Ana, volverás a escuchar
las piedras que contra tu ventana
lanzó la felicidad.

Tu no te dabas cuenta (o eso me hacías creer como una estratagema más de la coquetería) pero te observaba continuamente.

Me gustaba hacerlo así, como de soslayo y con disimulo (esa era una táctica innata del ritual del apareamiento y hasta del amor) porque captaba imágenes que, aún hoy, quedaban grabadas con la misma espontaneidad que tienen las cosas simples y maravillosas, como un atardecer o un baño en el mar.

Al igual que esas fotos robadas en que el gesto no tiene nada de fingido y las arrugas y las sonrisas destilan el encanto de la edad y se hacen inmortales.

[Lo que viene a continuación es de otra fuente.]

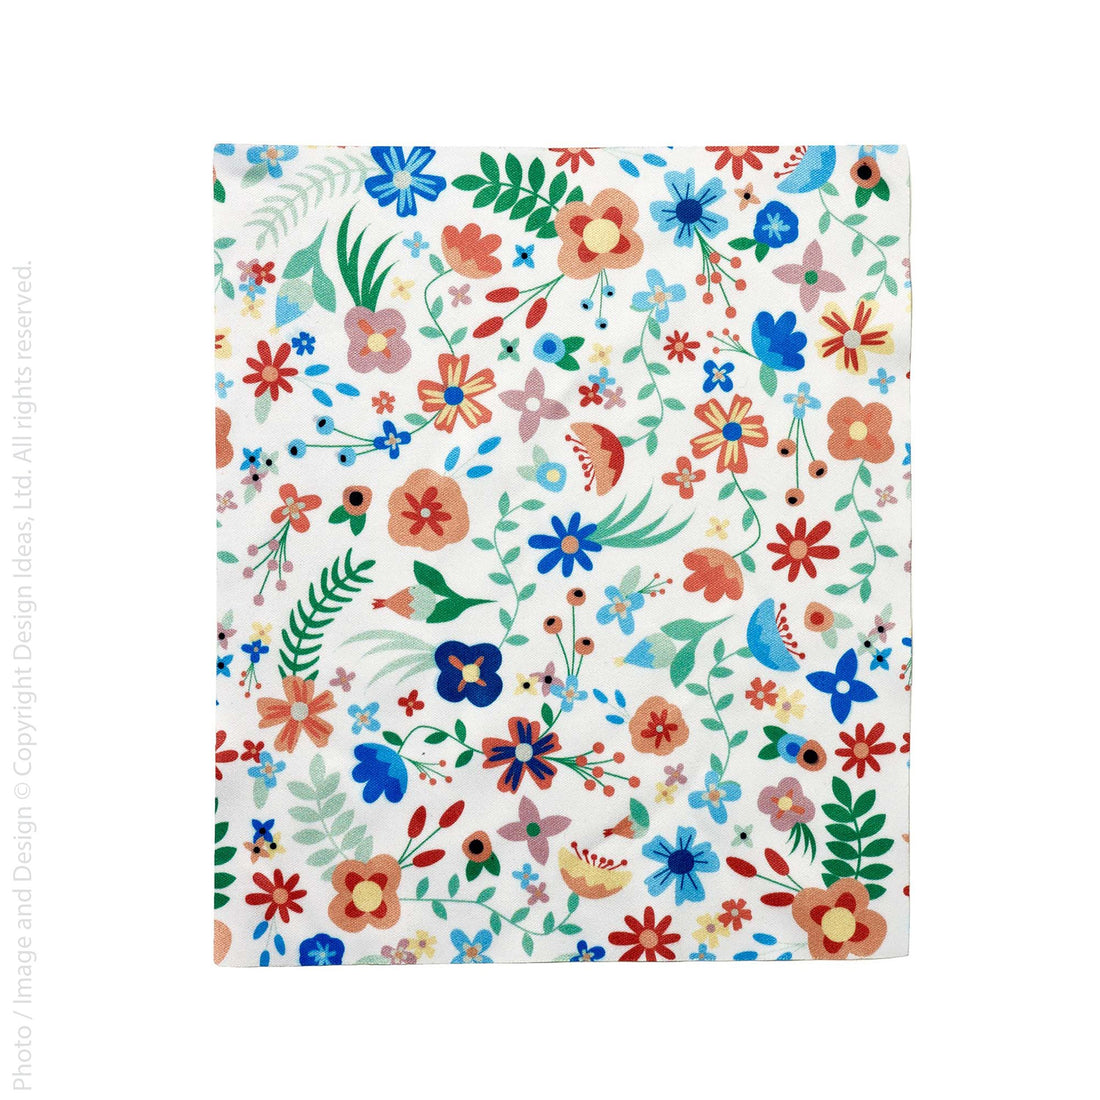 Focus™ cloth (floral)

Eran esos pequeños gestos cotidianos los que hacía que mi amor se acrecentase sin apenas darme cuenta e intentaba transmitirte, hacerte sentir en cada beso, cada caricia, cada orgasmo compartido.

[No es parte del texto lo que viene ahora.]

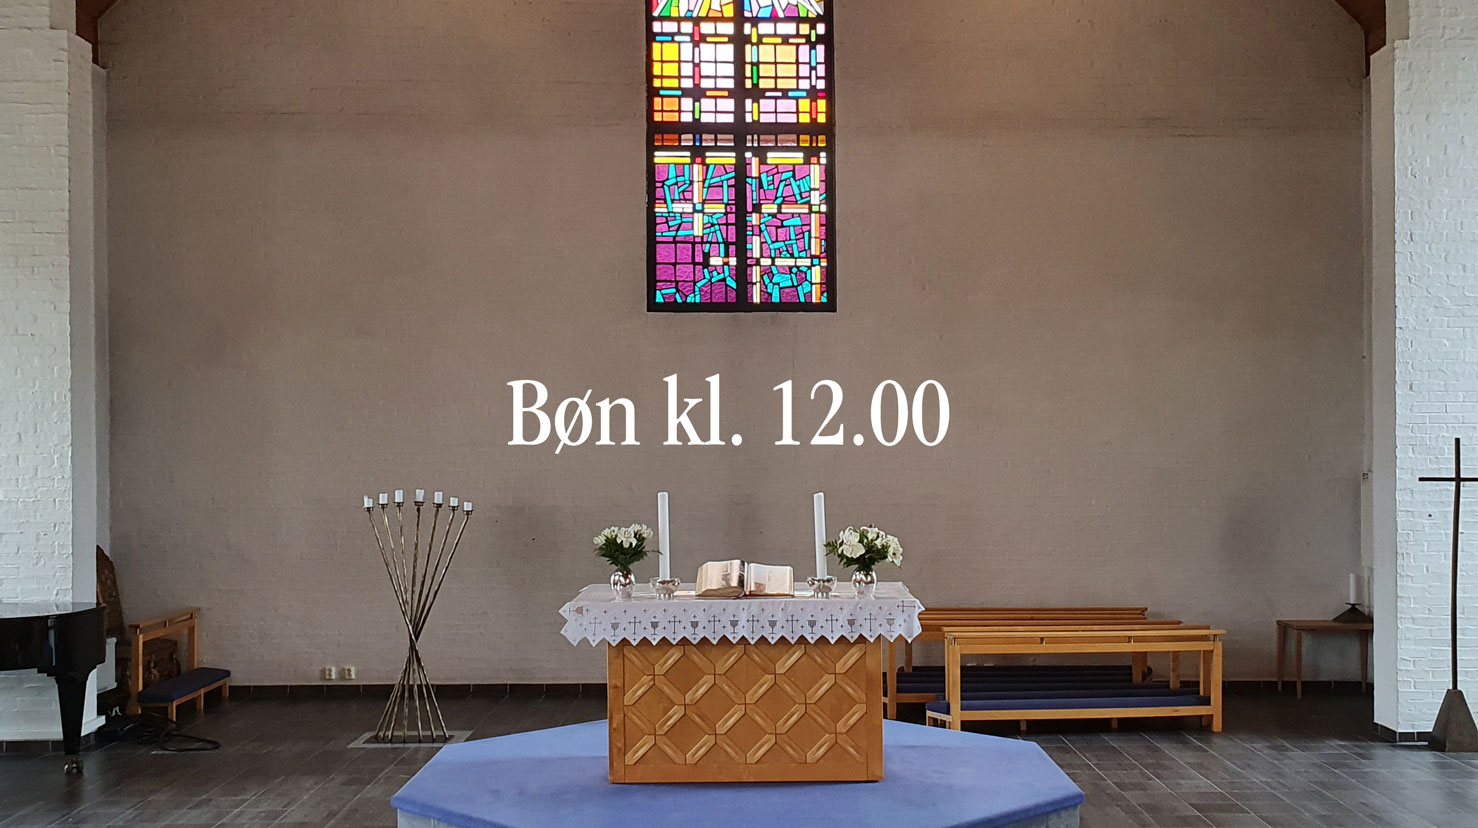 Dagens bøn kl. 12 er i veke 19 frå Skjold kirke med tilsette i Fana prosti. Foto: Torfinn Wang

Siempre odiaré y daré gracias al cielo y al infierno por cada día que viviste lejos de mí: la excusa de que no me conocías me sabe a hueco y menos aún la de que nunca nos conoceremos.

Porque, a pesar de que no estaba allí (y vaya si estaba, mi amor) aquel primer beso contenía toda la saliva y las ganas de encontrarnos, más que sea ahora, justito ahora, en el momento exacto en que me muero de ganas de reconocer tu piel como una parte de mí, sabiendo que, por fin, llegaste.

Vale, me perdí ese baile, pero bésame igualmente y jamás se te ocurra acordarte de mí.